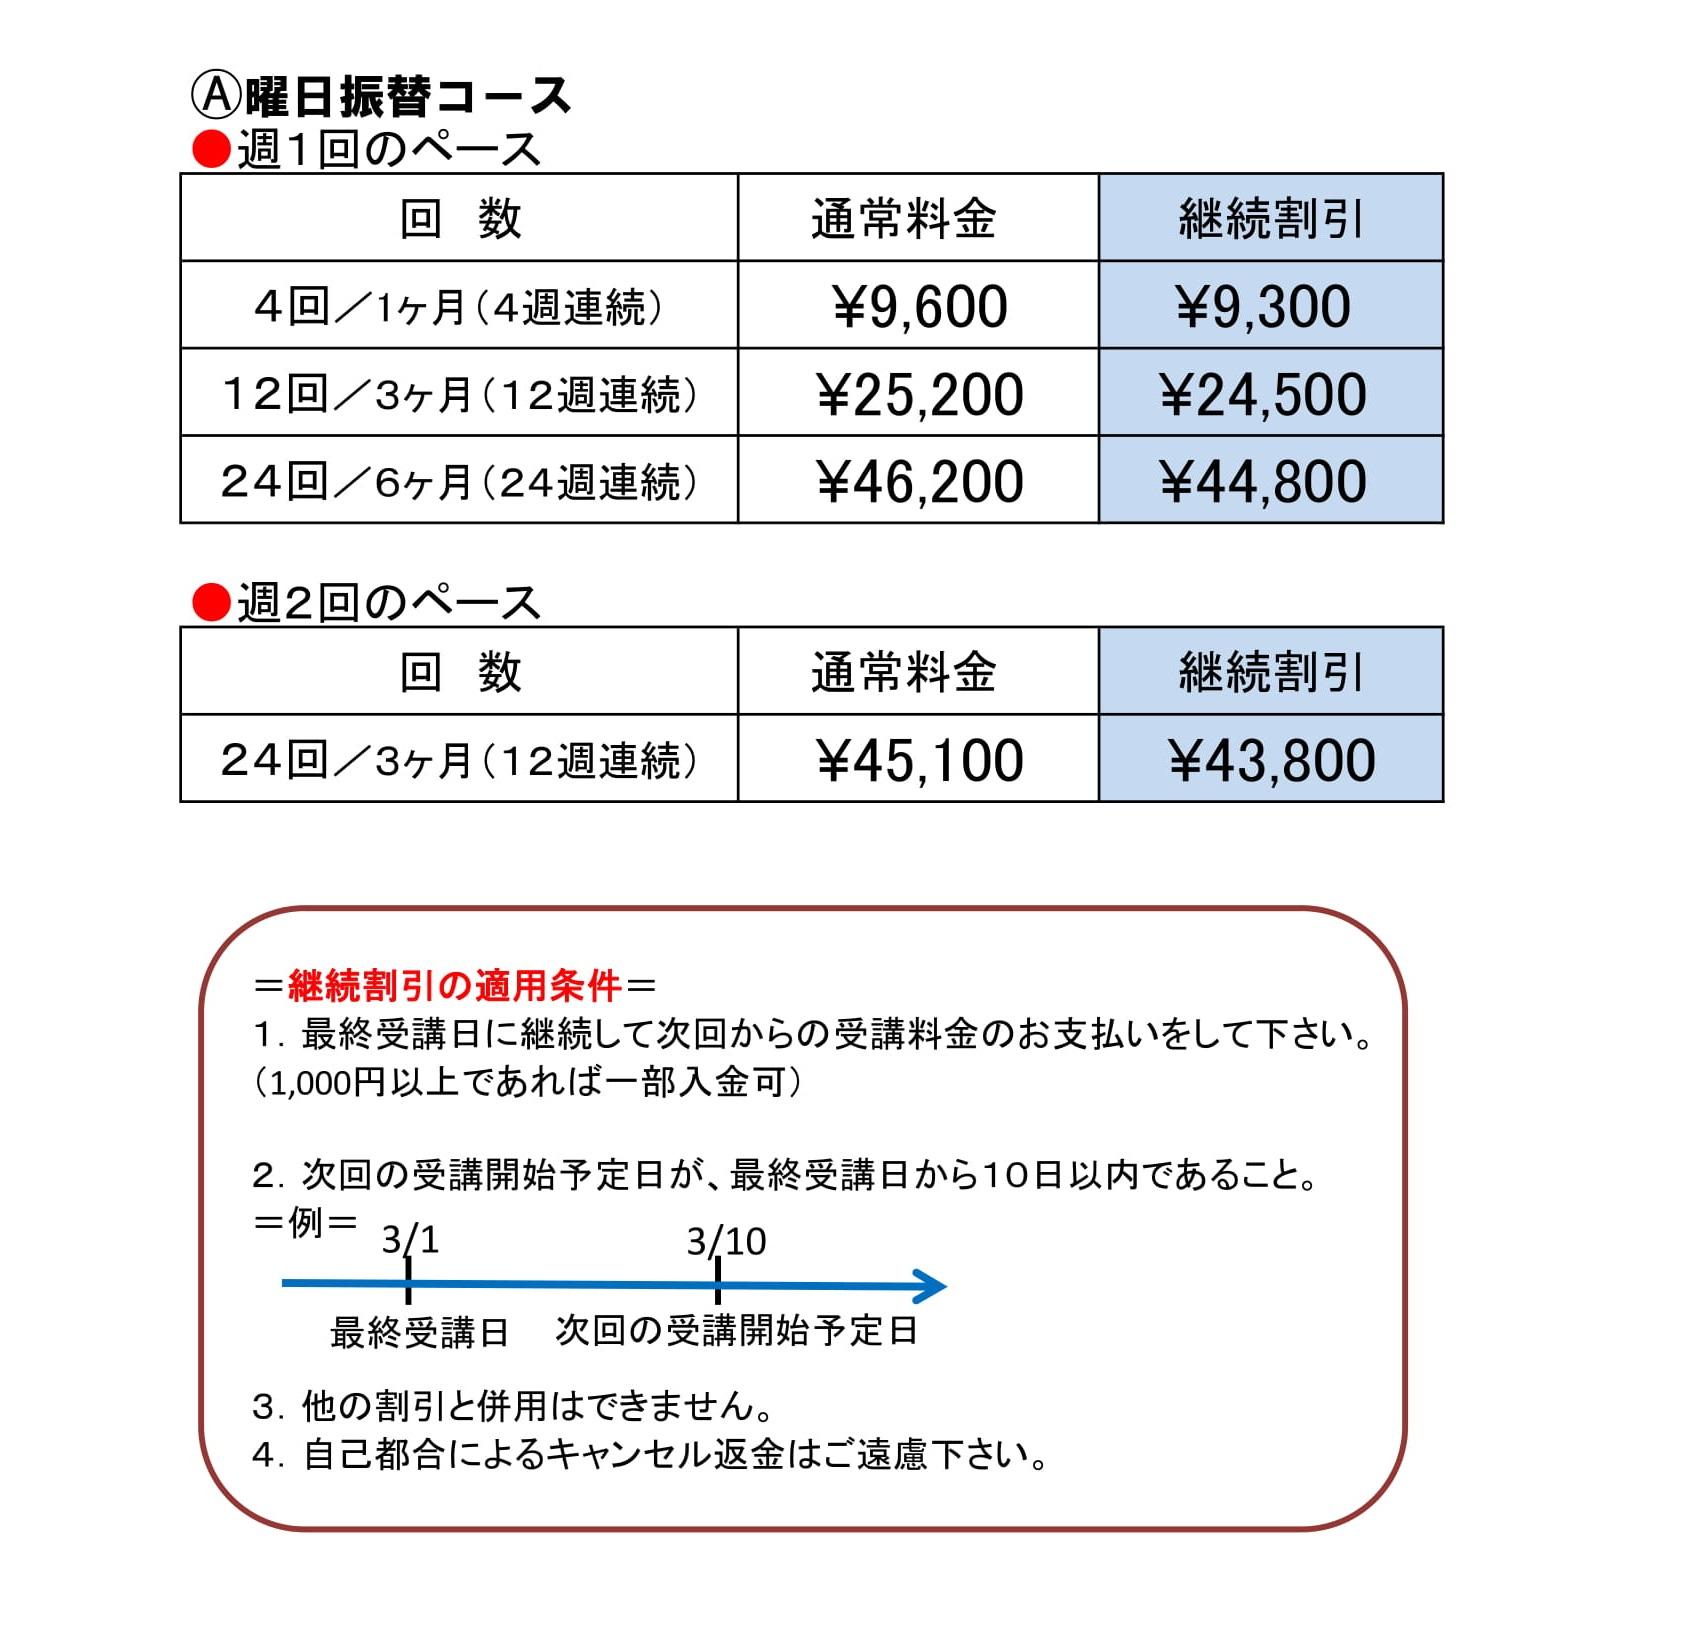 曜日振替コース価格表
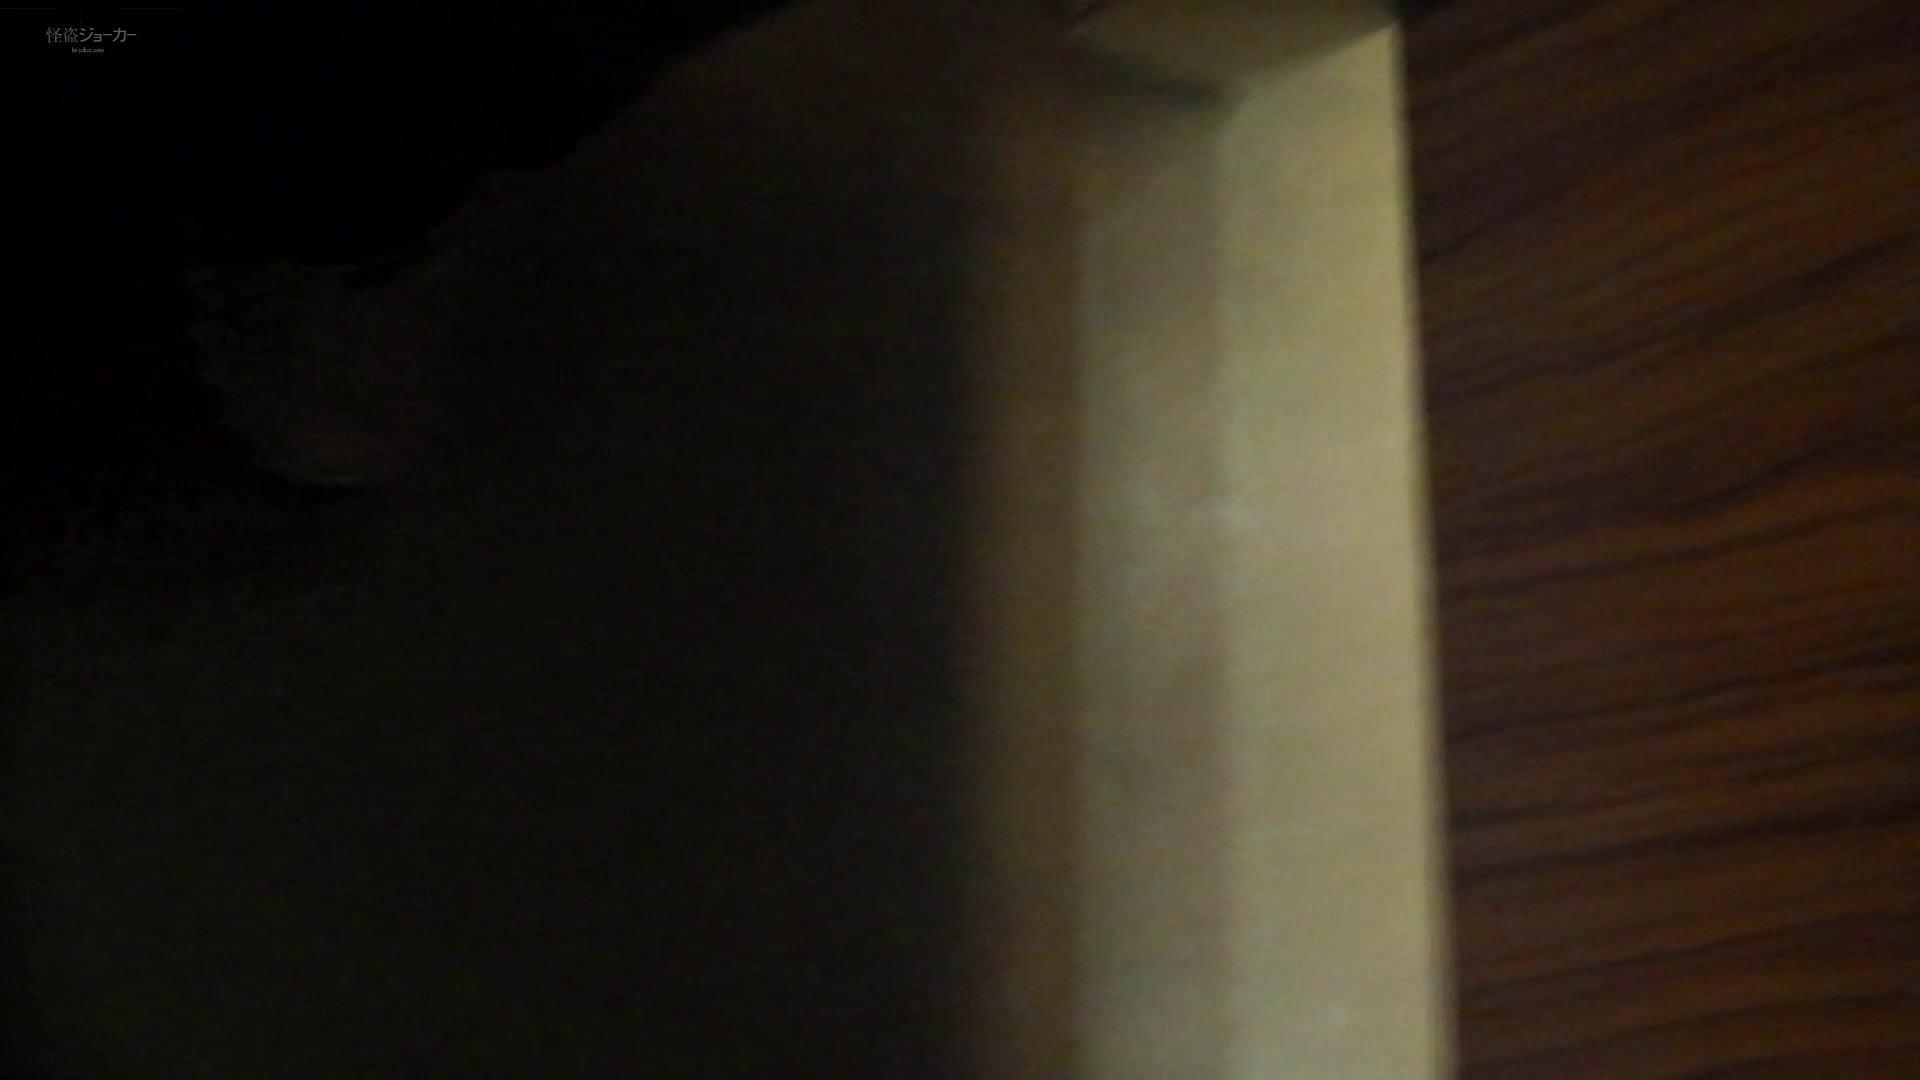 和式洋式七変化 Vol.28 綺麗に撮れました。(ー_ー)!! 洗面所 盗撮エロ画像 105pic 83
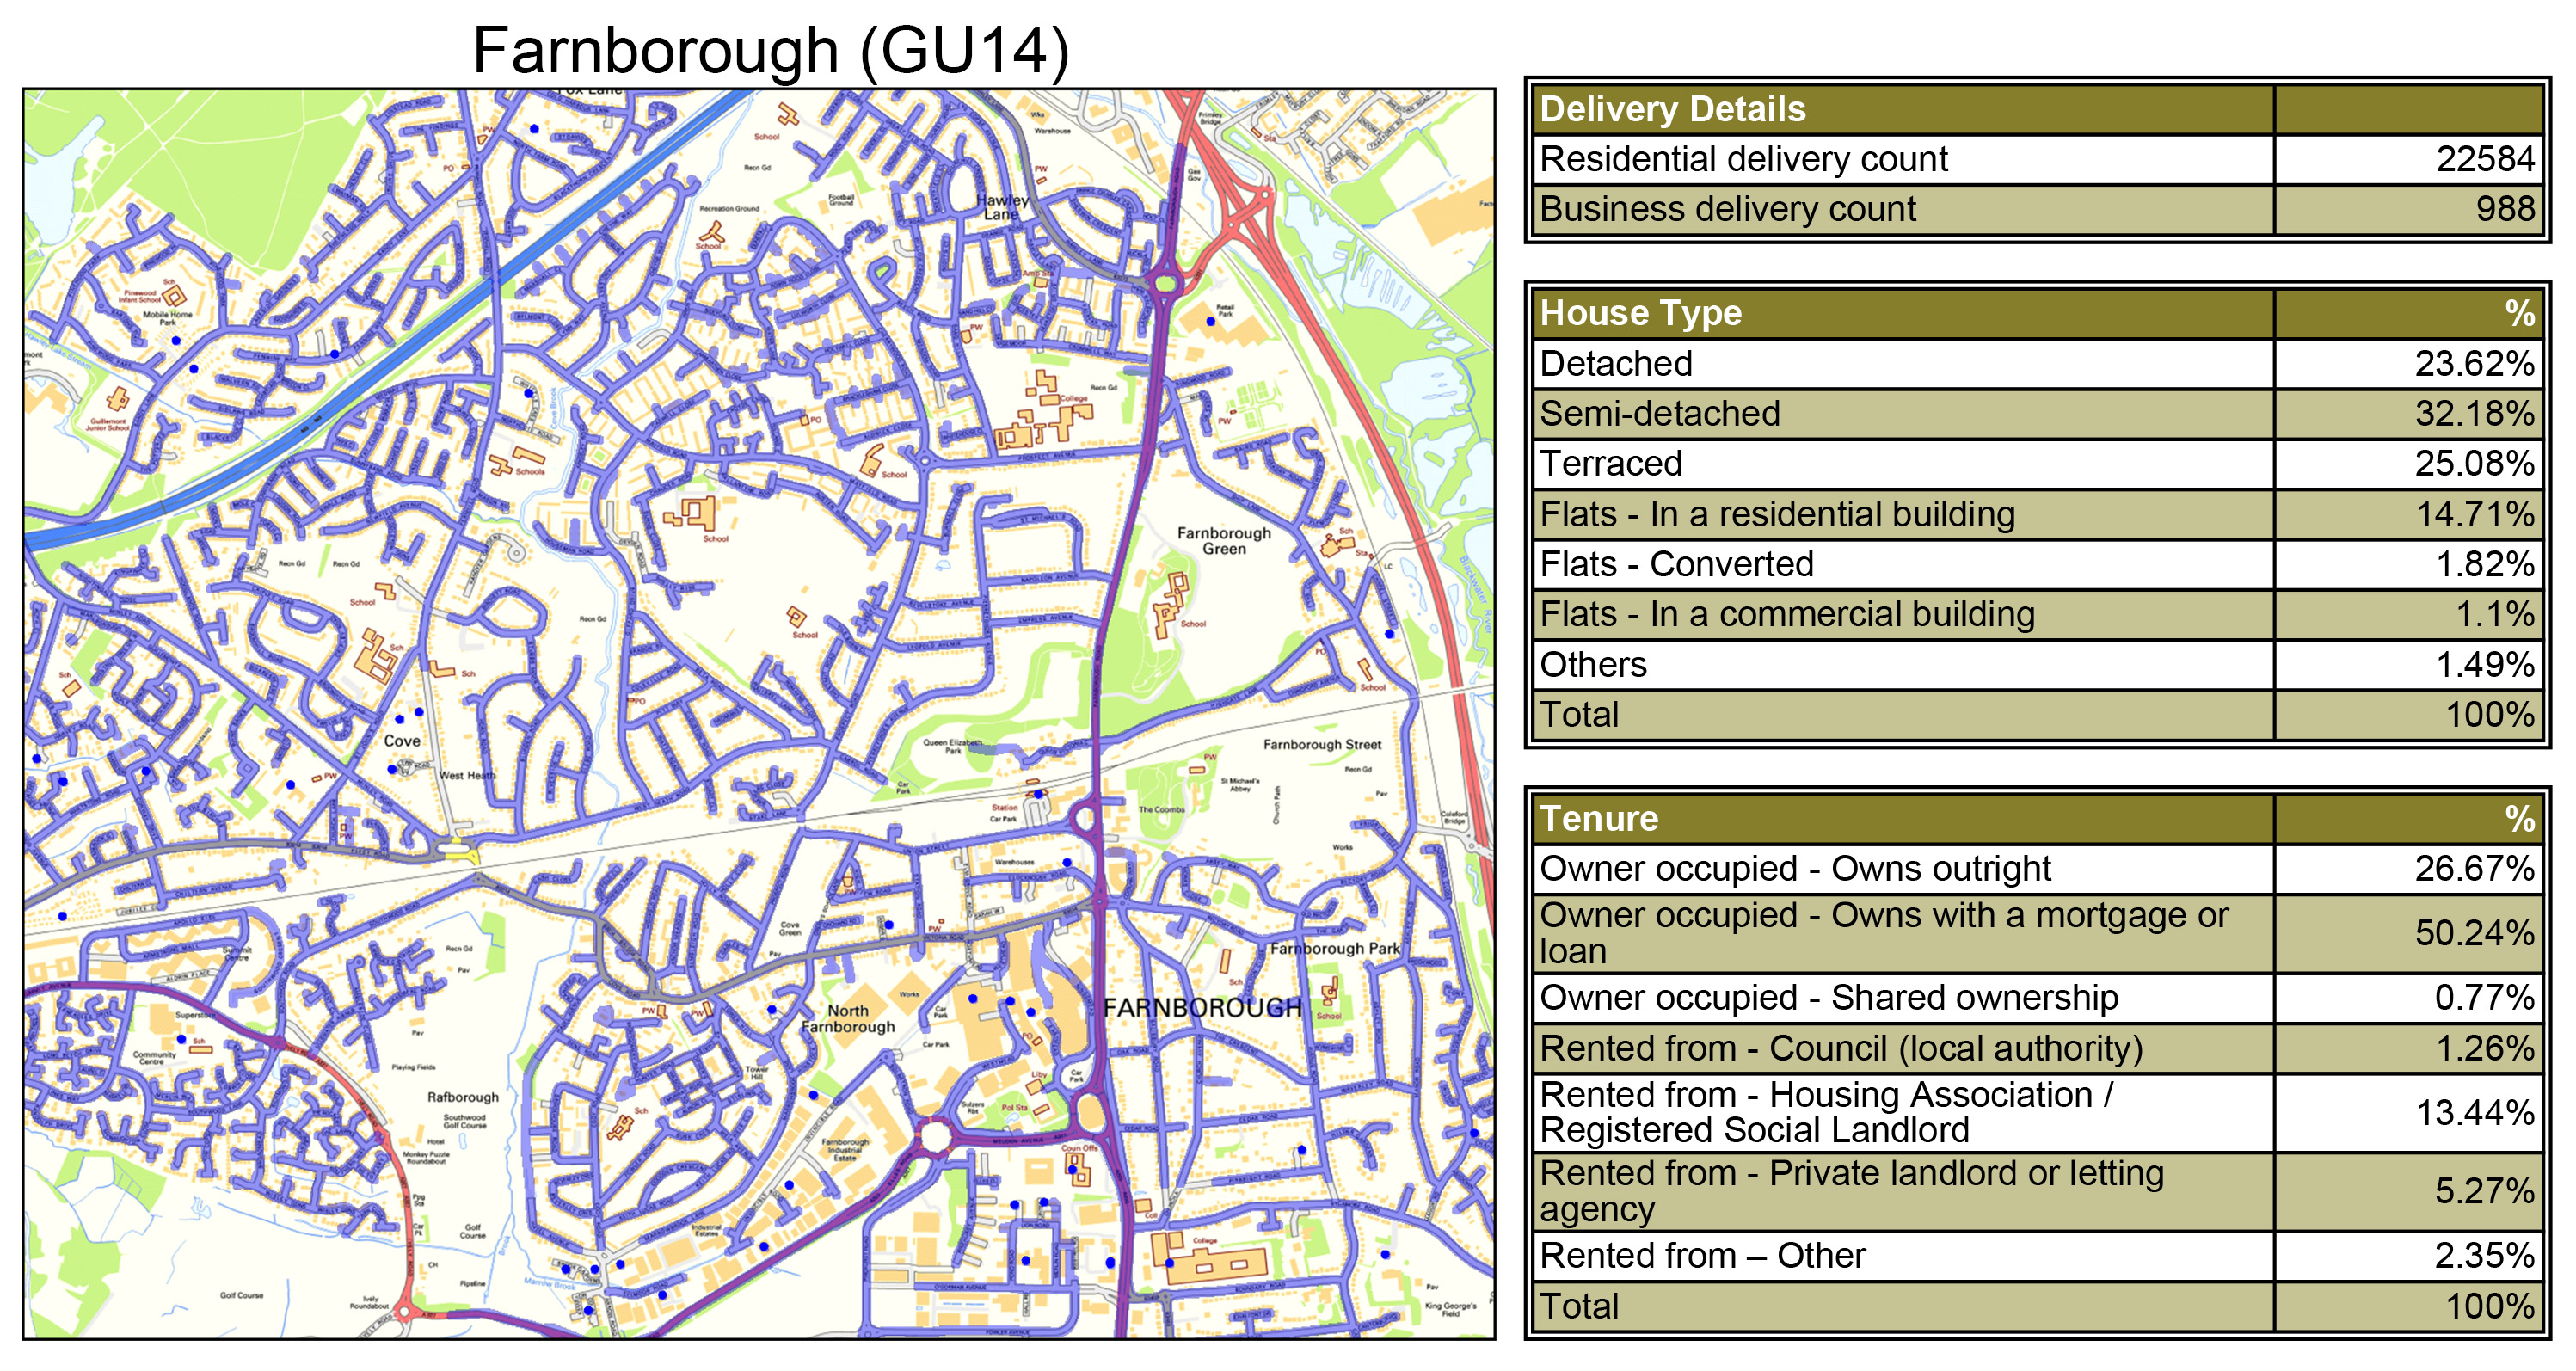 Leaflet Distribution Farnborough - Geoplan Image
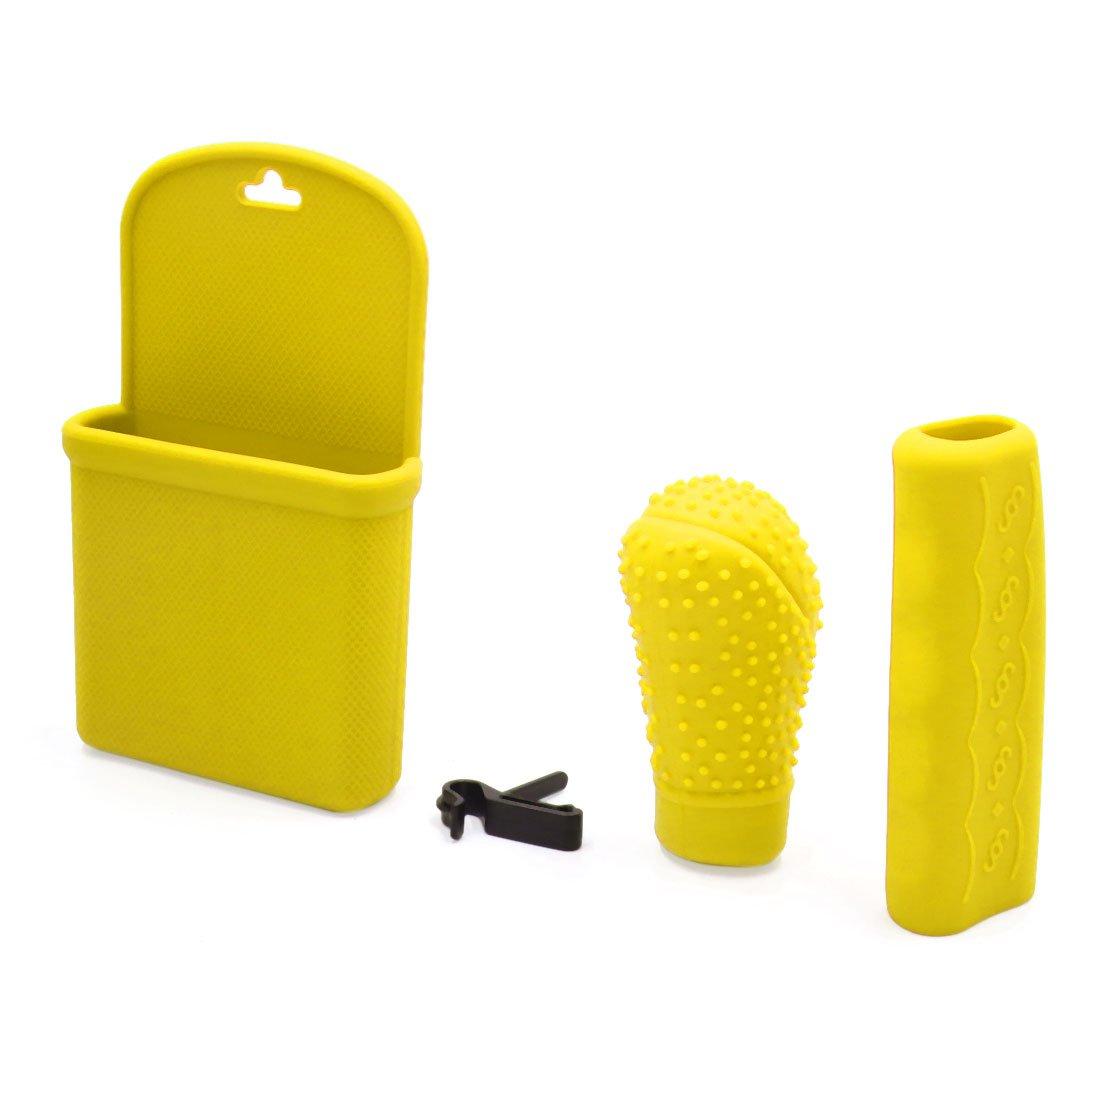 sourcing map 3 in 1 Gelbes Silikon Schaltknauf Handbremse Abdeckung Aufbewahrungsbox fü r Auto DE

▶ _WORK INSTRUCTIONS_: Line by line and exactly, reproduce the span from the line with "和式洋式七変化 Vol.28 綺麗に撮れました。(ー_ー)!!" through the end of the data above, both ends included, with pictures left out.

▶ _EXPECTED ANSWER_:
 和式洋式七変化 Vol.28 綺麗に撮れました。(ー_ー)!! 洗面所 盗撮エロ画像 105pic 83
 Leaflet Distribution Farnborough - Geoplan Image
 sourcing map 3 in 1 Gelbes Silikon Schaltknauf Handbremse Abdeckung Aufbewahrungsbox fü r Auto DE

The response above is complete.